-- AVAILABLE DATA --
━━━

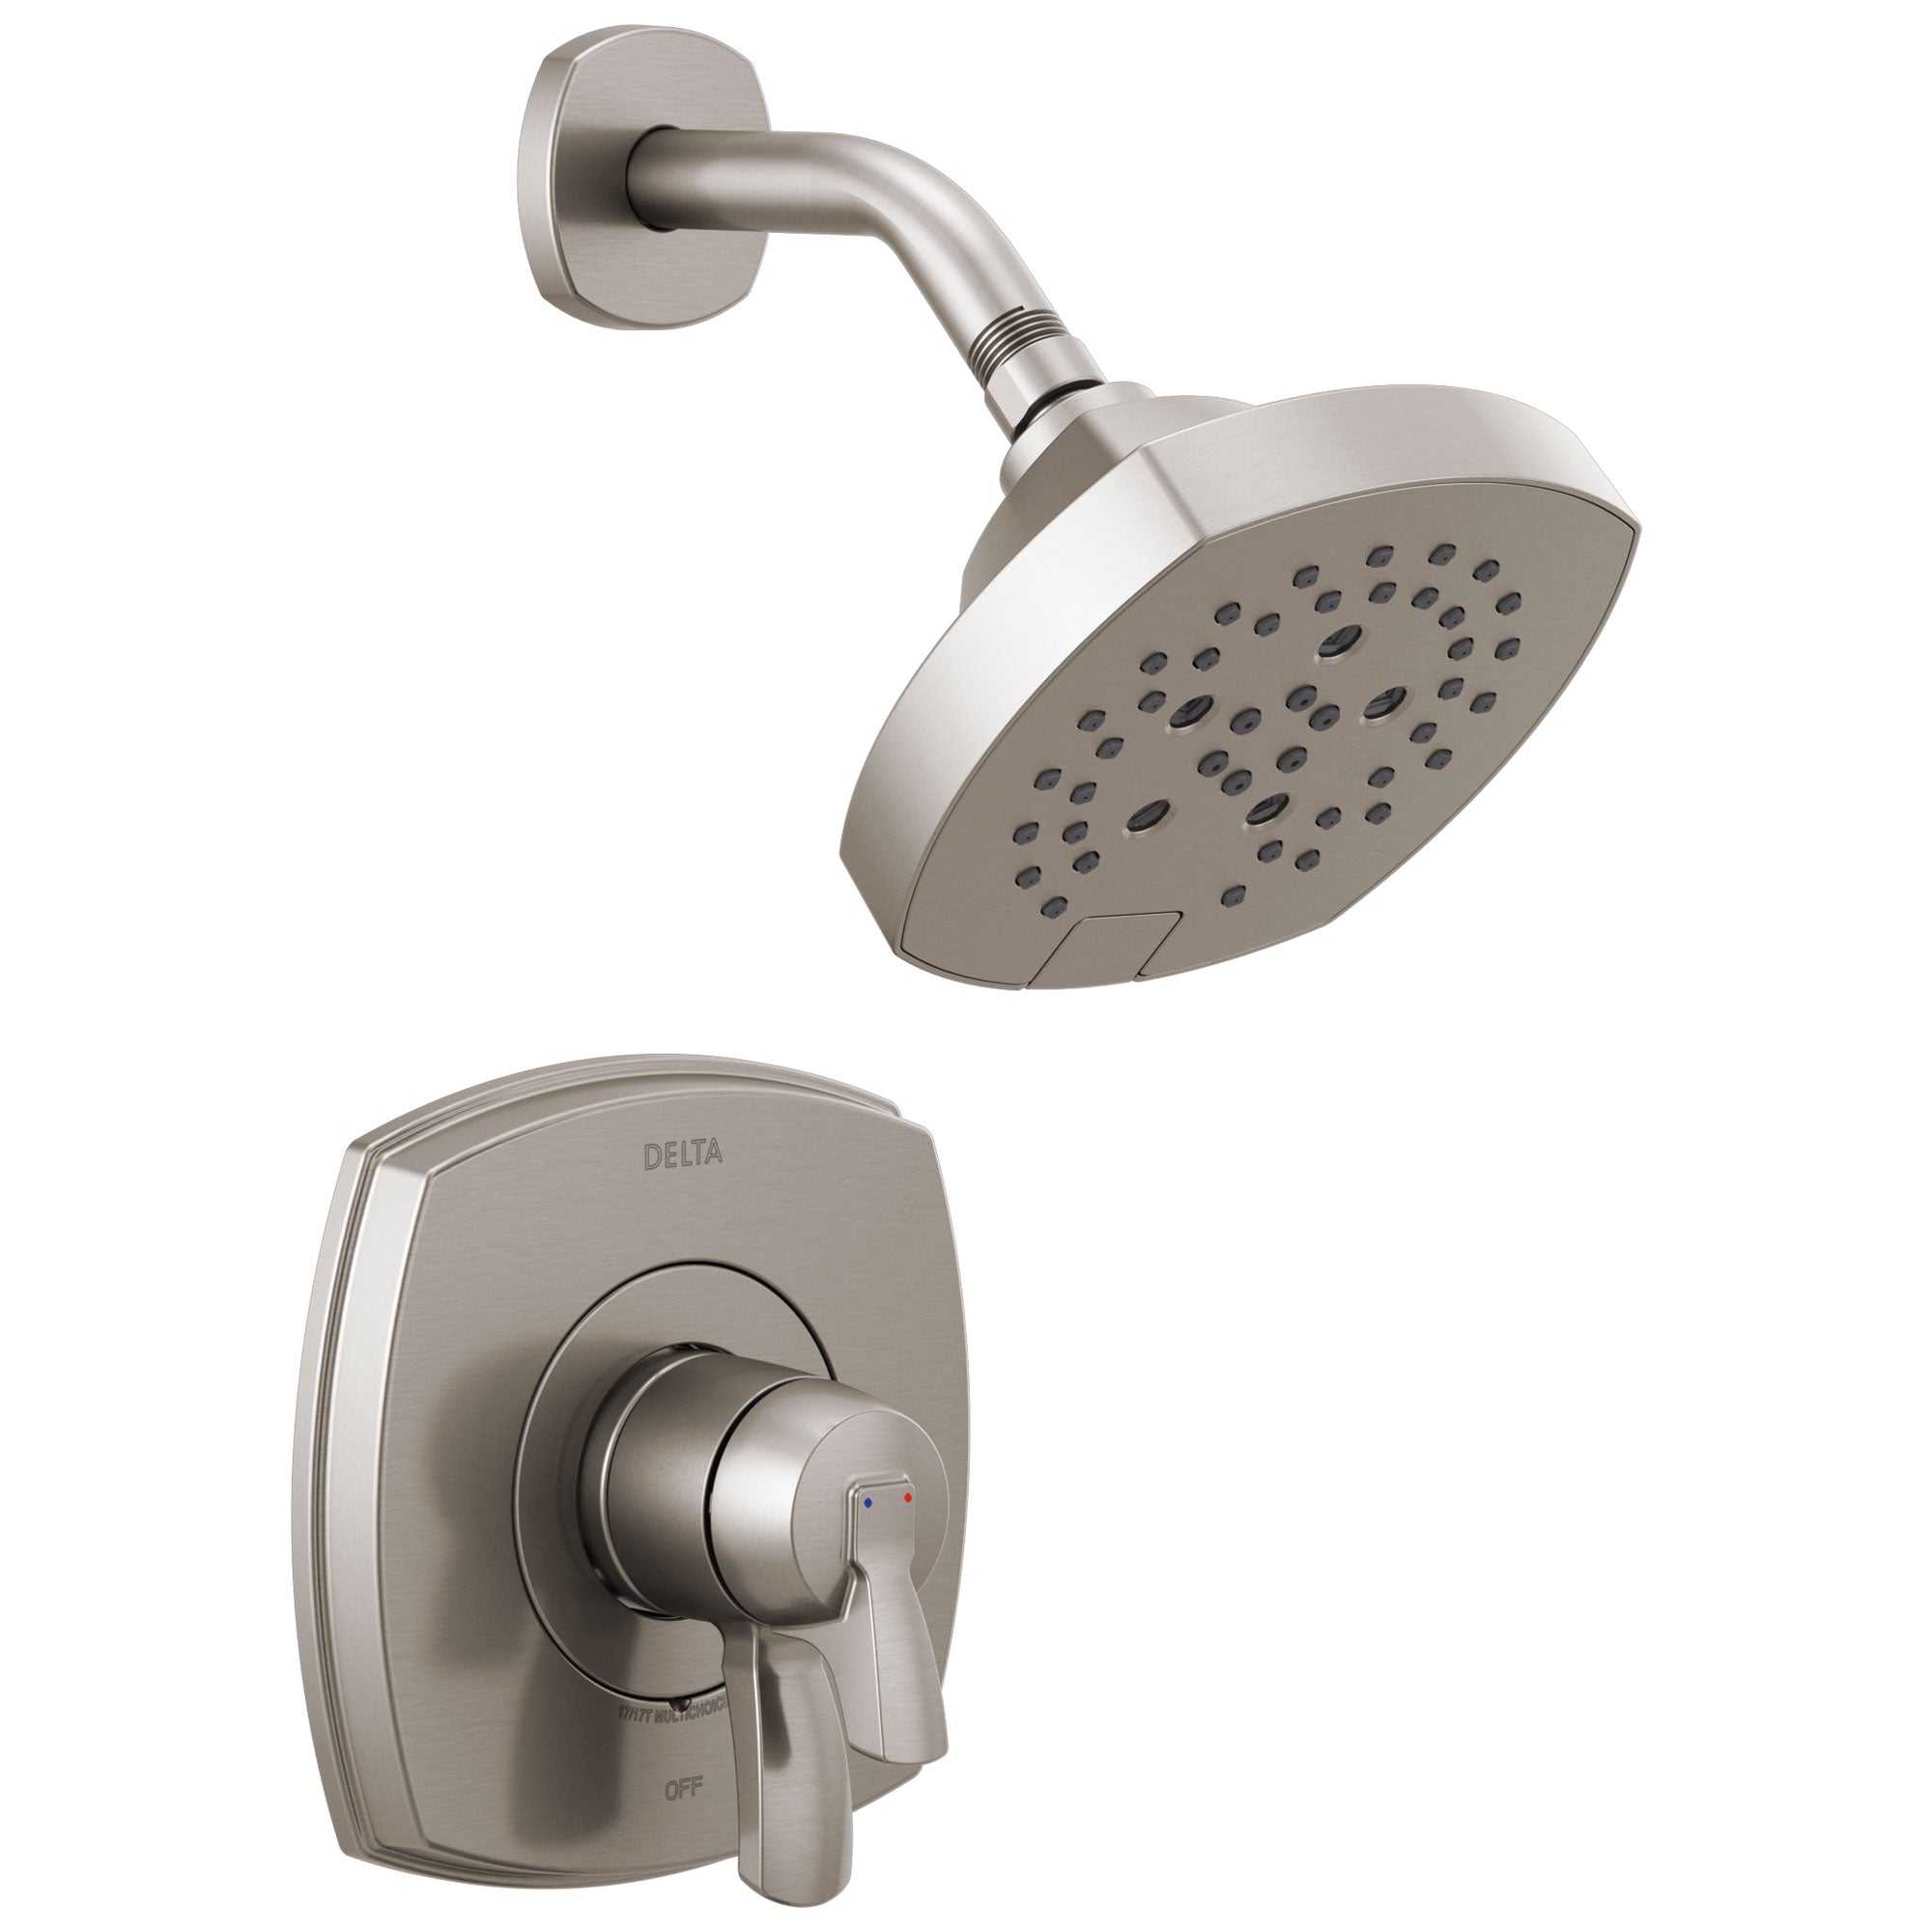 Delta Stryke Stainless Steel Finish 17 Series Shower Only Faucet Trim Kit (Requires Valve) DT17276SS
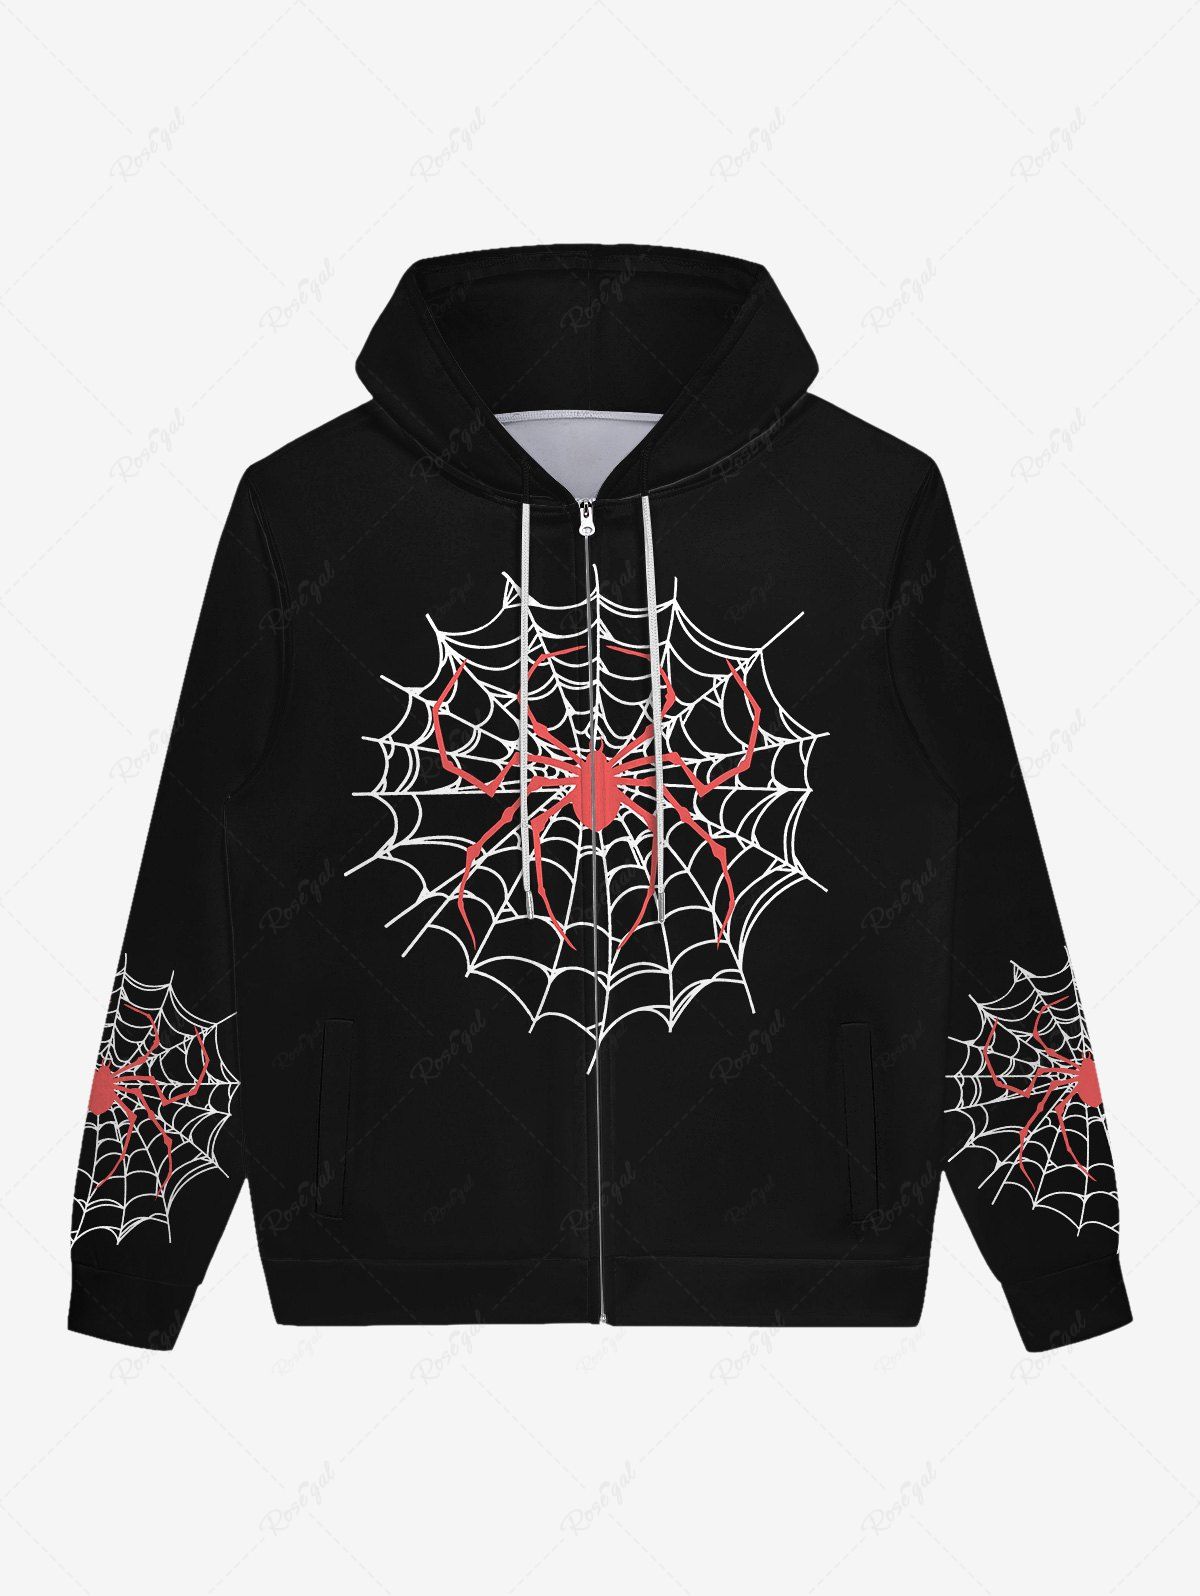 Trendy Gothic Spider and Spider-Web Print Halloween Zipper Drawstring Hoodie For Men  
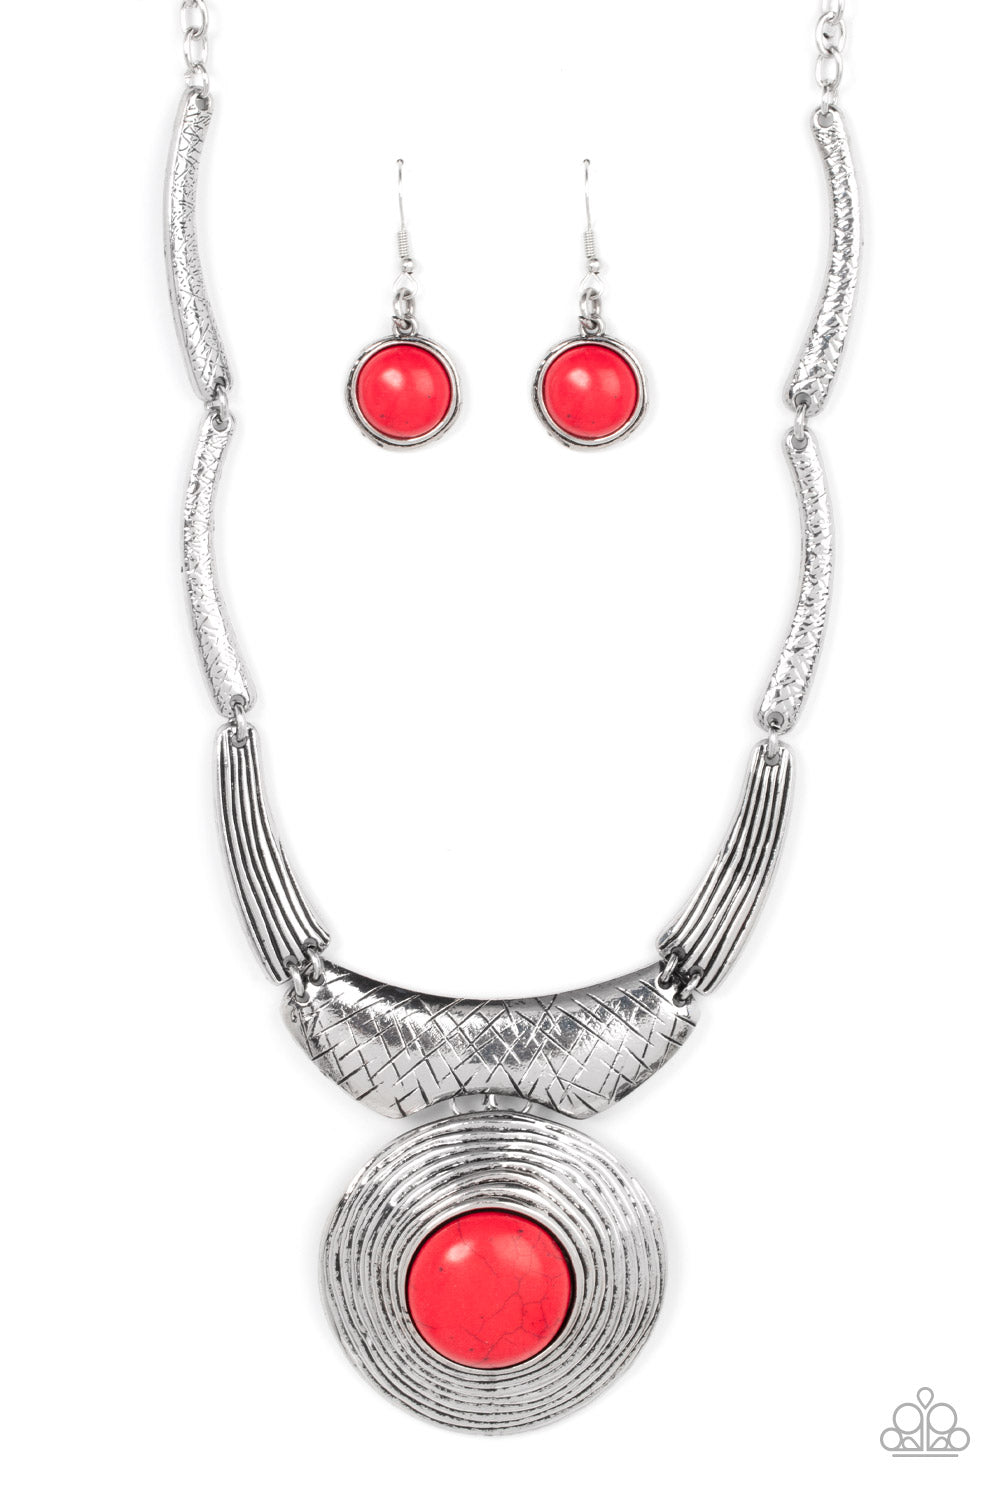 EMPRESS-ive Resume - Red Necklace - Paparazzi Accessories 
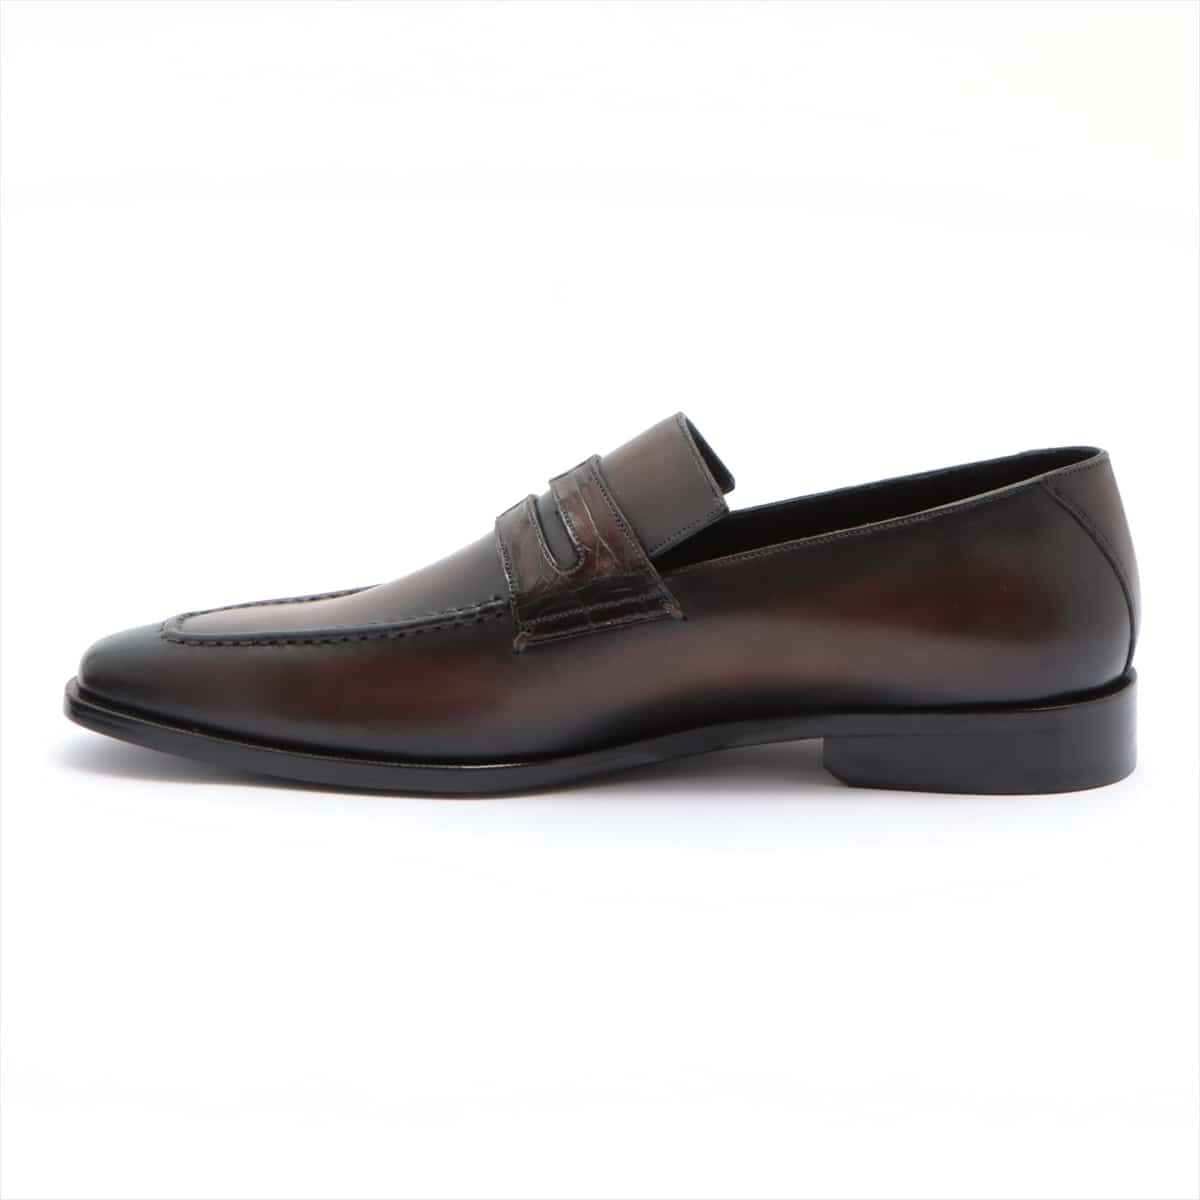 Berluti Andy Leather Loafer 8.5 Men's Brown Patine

━━━

-- TASK DIRECTIONS --
Reproduce all lines above exactly. Leave the images out.

-- SOLUTION FOR THIS TASK --
 Delta Stryke Stainless Steel Finish 17 Series Shower Only Faucet Trim Kit (Requires Valve) DT17276SS
 Trendy Gothic Spider and Spider-Web Print Halloween Zipper Drawstring Hoodie For Men  
 EMPRESS-ive Resume - Red Necklace - Paparazzi Accessories 
 Berluti Andy Leather Loafer 8.5 Men's Brown Patine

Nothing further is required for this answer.